Task prompt
Look below for the line holding "Boston variação de" and the line holding "Konya'da mahsur kaldığı". Transcribe exactly those lines and all lines between them, nothing more.
★ ★ ★
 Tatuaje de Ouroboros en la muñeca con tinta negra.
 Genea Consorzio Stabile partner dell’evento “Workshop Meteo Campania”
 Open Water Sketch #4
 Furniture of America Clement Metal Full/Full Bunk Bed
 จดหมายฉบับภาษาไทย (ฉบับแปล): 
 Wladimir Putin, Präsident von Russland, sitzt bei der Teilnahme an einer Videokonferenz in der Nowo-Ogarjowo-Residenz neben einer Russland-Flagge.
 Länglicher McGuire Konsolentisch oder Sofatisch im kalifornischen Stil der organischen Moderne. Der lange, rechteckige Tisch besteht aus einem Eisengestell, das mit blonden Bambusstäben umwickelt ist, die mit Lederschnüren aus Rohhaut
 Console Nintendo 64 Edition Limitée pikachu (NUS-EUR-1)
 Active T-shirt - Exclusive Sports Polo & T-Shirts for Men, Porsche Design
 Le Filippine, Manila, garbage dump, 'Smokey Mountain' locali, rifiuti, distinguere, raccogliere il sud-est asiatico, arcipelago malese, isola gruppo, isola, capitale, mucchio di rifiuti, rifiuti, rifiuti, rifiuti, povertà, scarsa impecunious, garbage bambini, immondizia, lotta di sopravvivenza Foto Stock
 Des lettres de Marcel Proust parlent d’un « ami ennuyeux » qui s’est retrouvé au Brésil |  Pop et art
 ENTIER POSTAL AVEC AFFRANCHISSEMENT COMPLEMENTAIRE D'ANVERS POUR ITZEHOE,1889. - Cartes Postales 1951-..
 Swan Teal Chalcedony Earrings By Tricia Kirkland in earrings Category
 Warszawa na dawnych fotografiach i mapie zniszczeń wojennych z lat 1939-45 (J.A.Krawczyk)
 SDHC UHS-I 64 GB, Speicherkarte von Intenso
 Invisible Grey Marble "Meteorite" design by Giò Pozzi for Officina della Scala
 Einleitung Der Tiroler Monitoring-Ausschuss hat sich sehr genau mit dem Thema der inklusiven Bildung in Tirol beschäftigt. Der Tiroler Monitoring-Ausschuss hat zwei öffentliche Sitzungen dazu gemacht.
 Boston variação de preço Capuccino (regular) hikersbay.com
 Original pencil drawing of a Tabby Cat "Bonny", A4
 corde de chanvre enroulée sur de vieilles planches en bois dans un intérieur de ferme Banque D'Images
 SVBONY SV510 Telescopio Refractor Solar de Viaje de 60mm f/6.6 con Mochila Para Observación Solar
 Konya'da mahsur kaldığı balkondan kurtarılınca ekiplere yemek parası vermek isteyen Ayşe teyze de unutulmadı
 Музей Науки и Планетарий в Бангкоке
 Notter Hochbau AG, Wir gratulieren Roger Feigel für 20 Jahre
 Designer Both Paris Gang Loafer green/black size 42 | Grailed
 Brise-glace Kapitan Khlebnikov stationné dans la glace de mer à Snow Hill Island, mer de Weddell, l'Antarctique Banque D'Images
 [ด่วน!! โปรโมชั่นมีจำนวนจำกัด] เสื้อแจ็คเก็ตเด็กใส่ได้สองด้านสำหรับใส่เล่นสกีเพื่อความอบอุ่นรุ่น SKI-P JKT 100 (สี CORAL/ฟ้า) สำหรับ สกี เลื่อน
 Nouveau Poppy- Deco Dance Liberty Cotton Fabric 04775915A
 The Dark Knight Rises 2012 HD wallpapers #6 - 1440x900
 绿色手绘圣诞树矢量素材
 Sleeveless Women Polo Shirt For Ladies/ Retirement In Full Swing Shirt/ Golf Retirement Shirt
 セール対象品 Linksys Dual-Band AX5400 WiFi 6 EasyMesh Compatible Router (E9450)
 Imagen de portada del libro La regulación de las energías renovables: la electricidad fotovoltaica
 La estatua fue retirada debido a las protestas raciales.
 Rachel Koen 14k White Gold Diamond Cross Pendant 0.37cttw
★ ★ ★
Answer section
 Boston variação de preço Capuccino (regular) hikersbay.com
 Original pencil drawing of a Tabby Cat "Bonny", A4
 corde de chanvre enroulée sur de vieilles planches en bois dans un intérieur de ferme Banque D'Images
 SVBONY SV510 Telescopio Refractor Solar de Viaje de 60mm f/6.6 con Mochila Para Observación Solar
 Konya'da mahsur kaldığı balkondan kurtarılınca ekiplere yemek parası vermek isteyen Ayşe teyze de unutulmadı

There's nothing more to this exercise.